# [Available data]

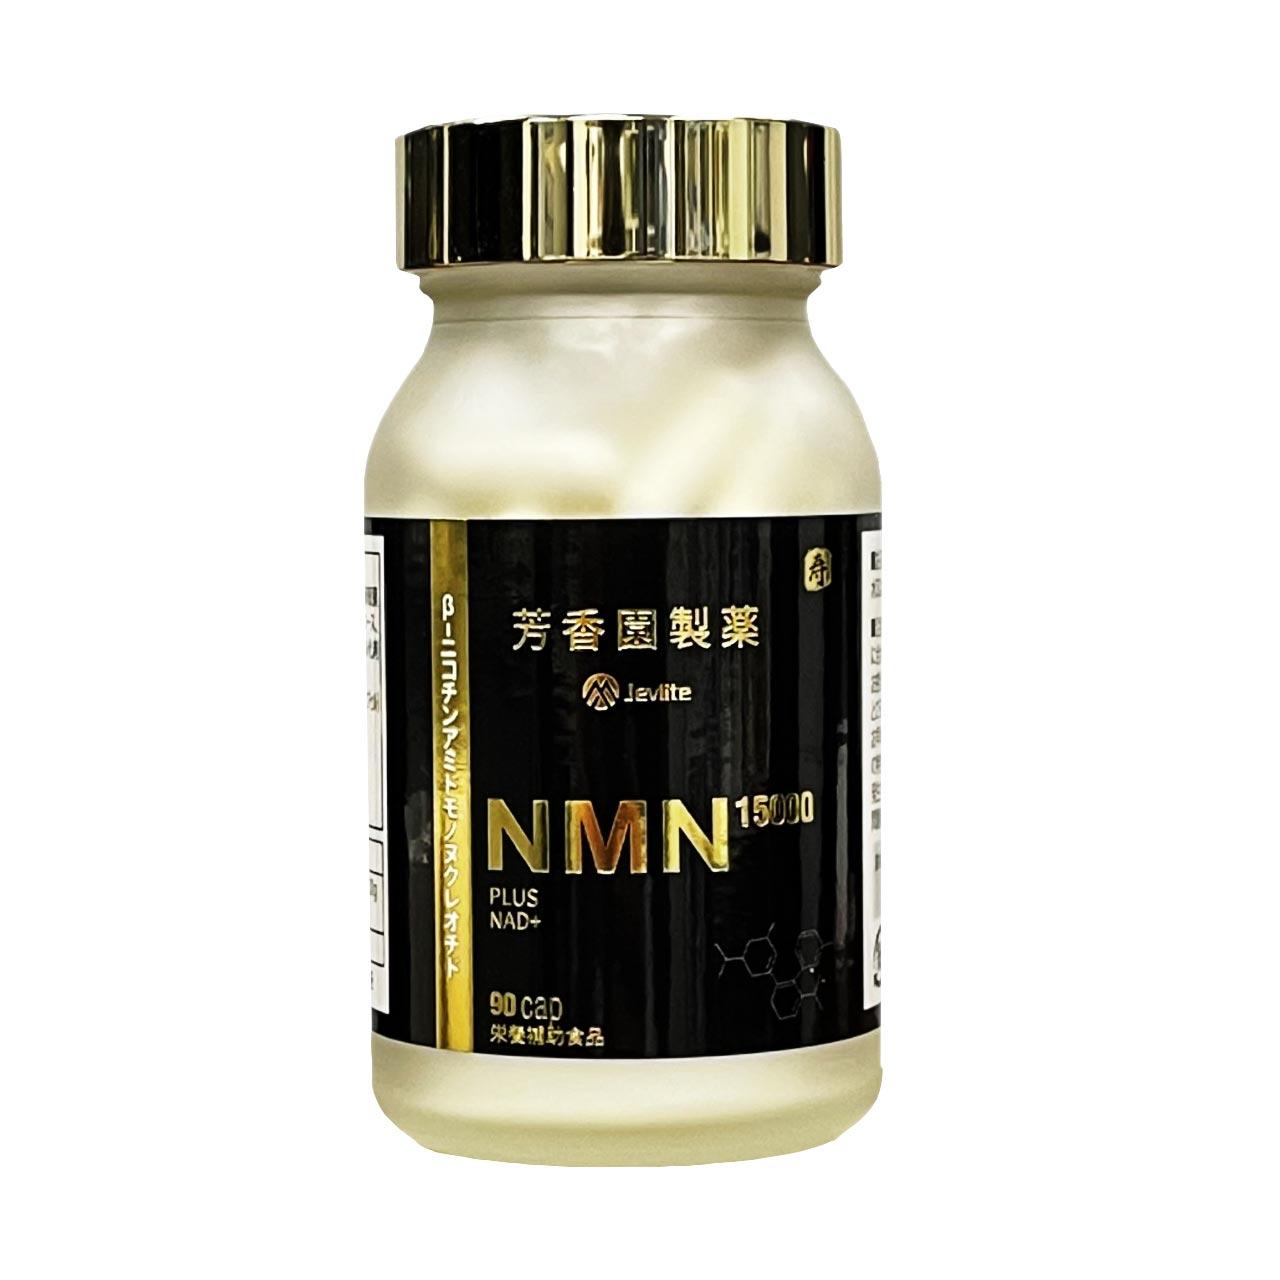 正規製薬会社出品・高純度酵母由来NMN使用・美白効果をヒト経口摂取で確認成分配合・全国送料無料 NMN15000 90CAP
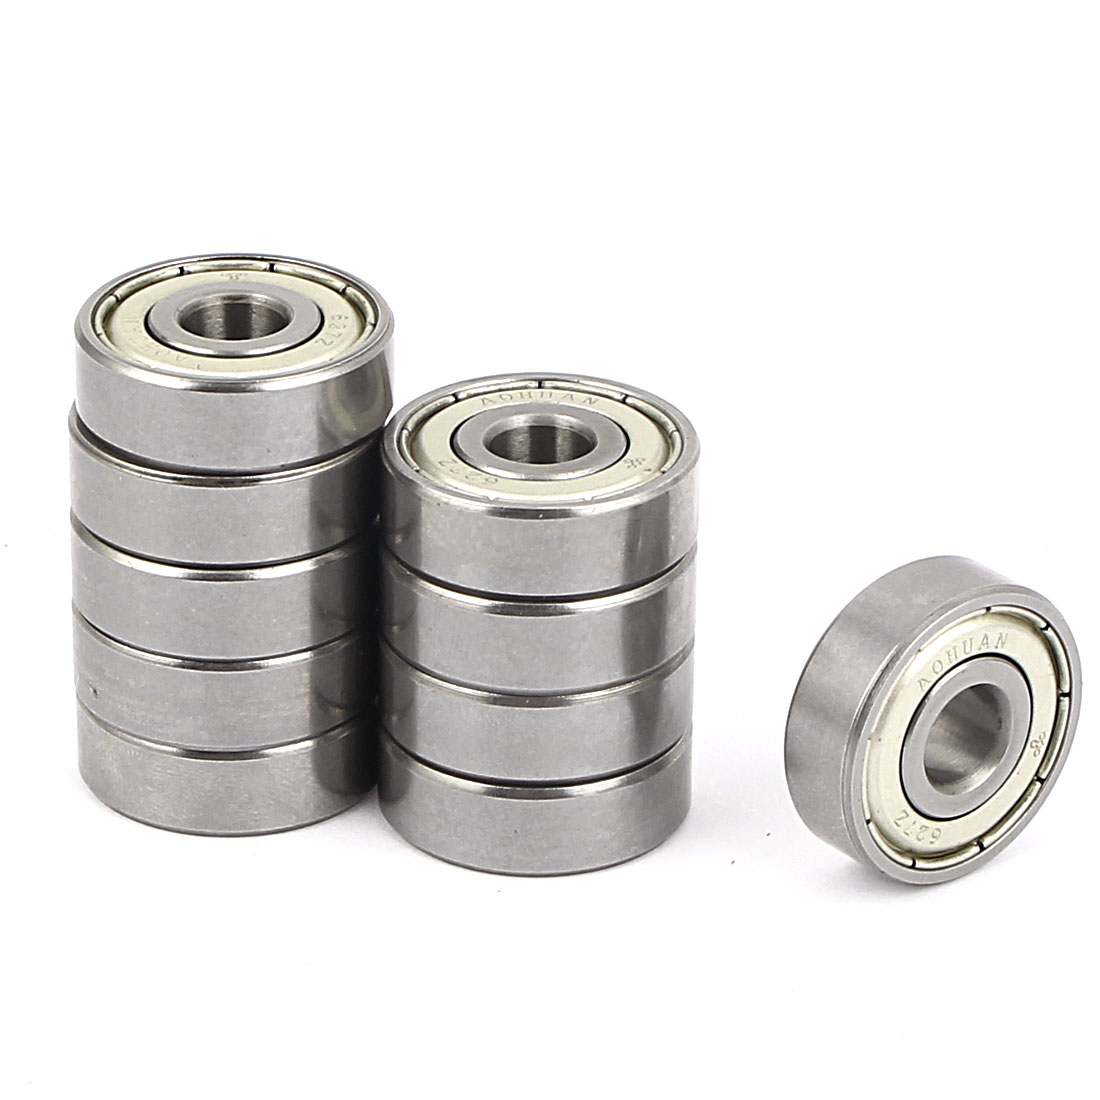 627Z Model 22mm x 7mm x 7mm Double Shielded Metal Deep Groove Guide Pulley Rail Ball Wheel Bearings Silver Tone 10pcs
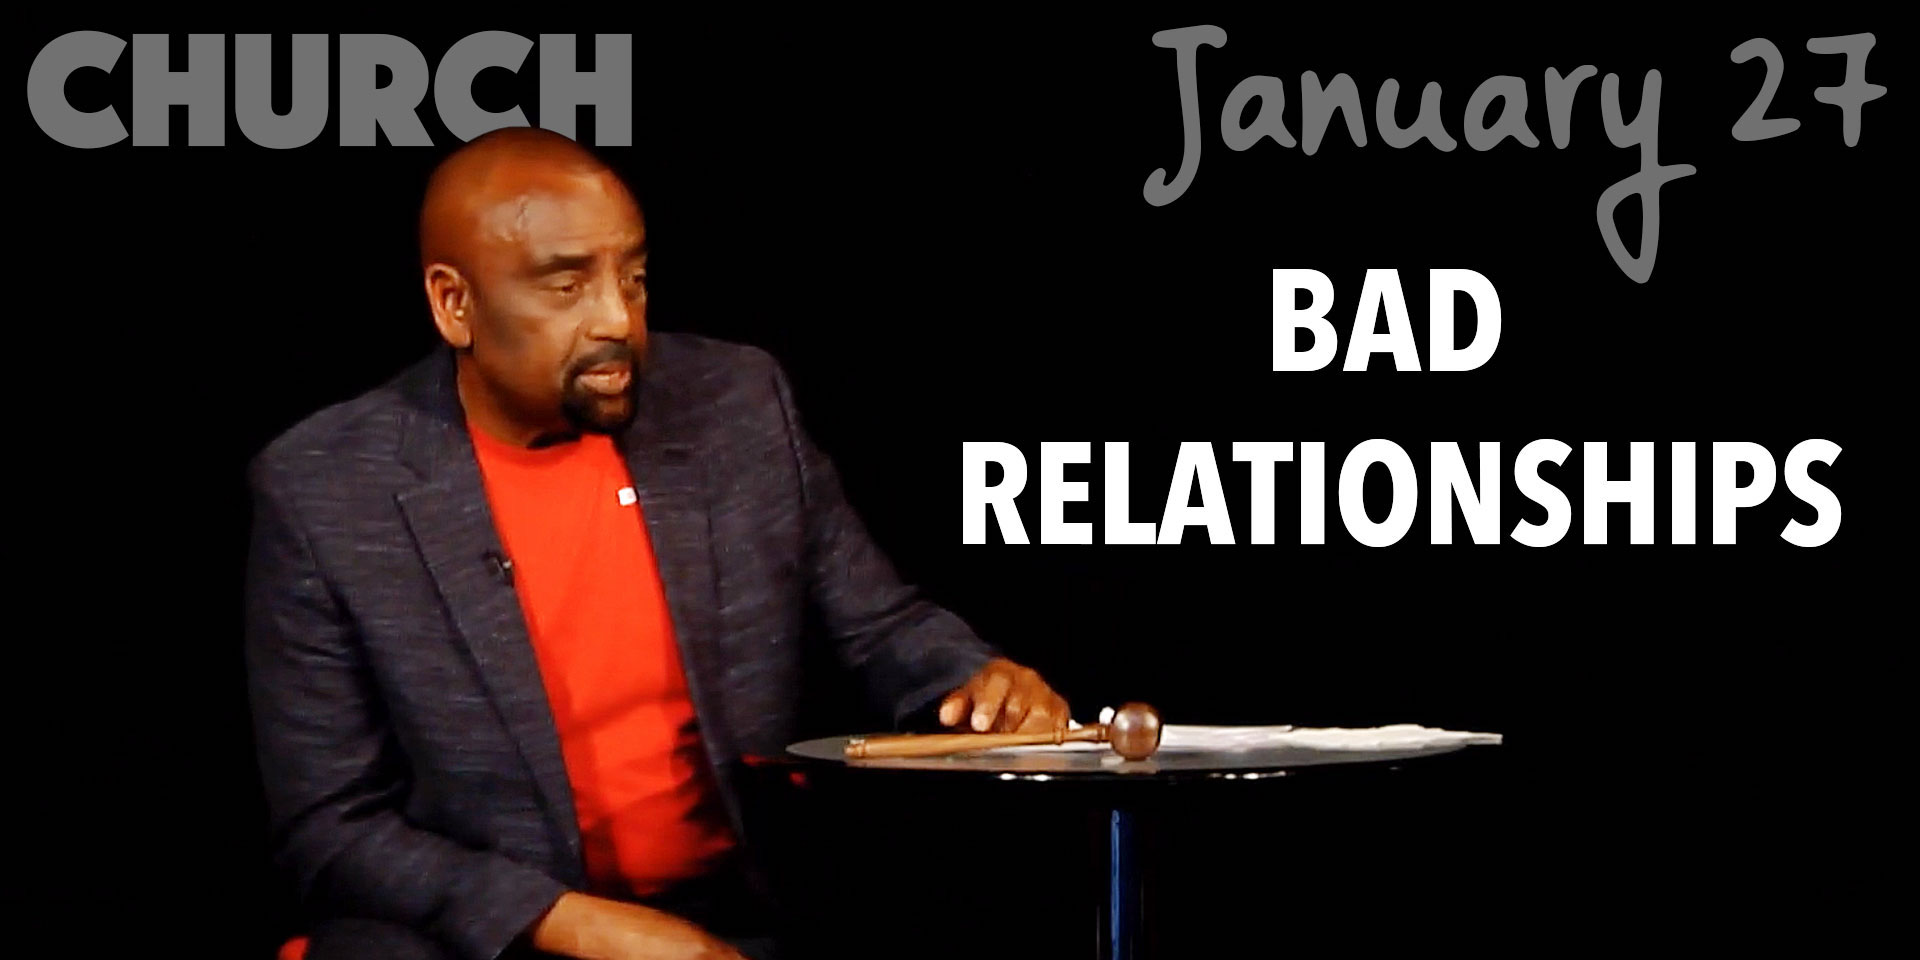 Church Jan 27, 2018: Bad Relationships

# [The problem]
Please transcribe the lines from the one containing "627Z Model 22mm" to the last line of the listing, both included, exactly and with nothing added, leaving every picture out.

# [Completed exercise]
 627Z Model 22mm x 7mm x 7mm Double Shielded Metal Deep Groove Guide Pulley Rail Ball Wheel Bearings Silver Tone 10pcs
 Church Jan 27, 2018: Bad Relationships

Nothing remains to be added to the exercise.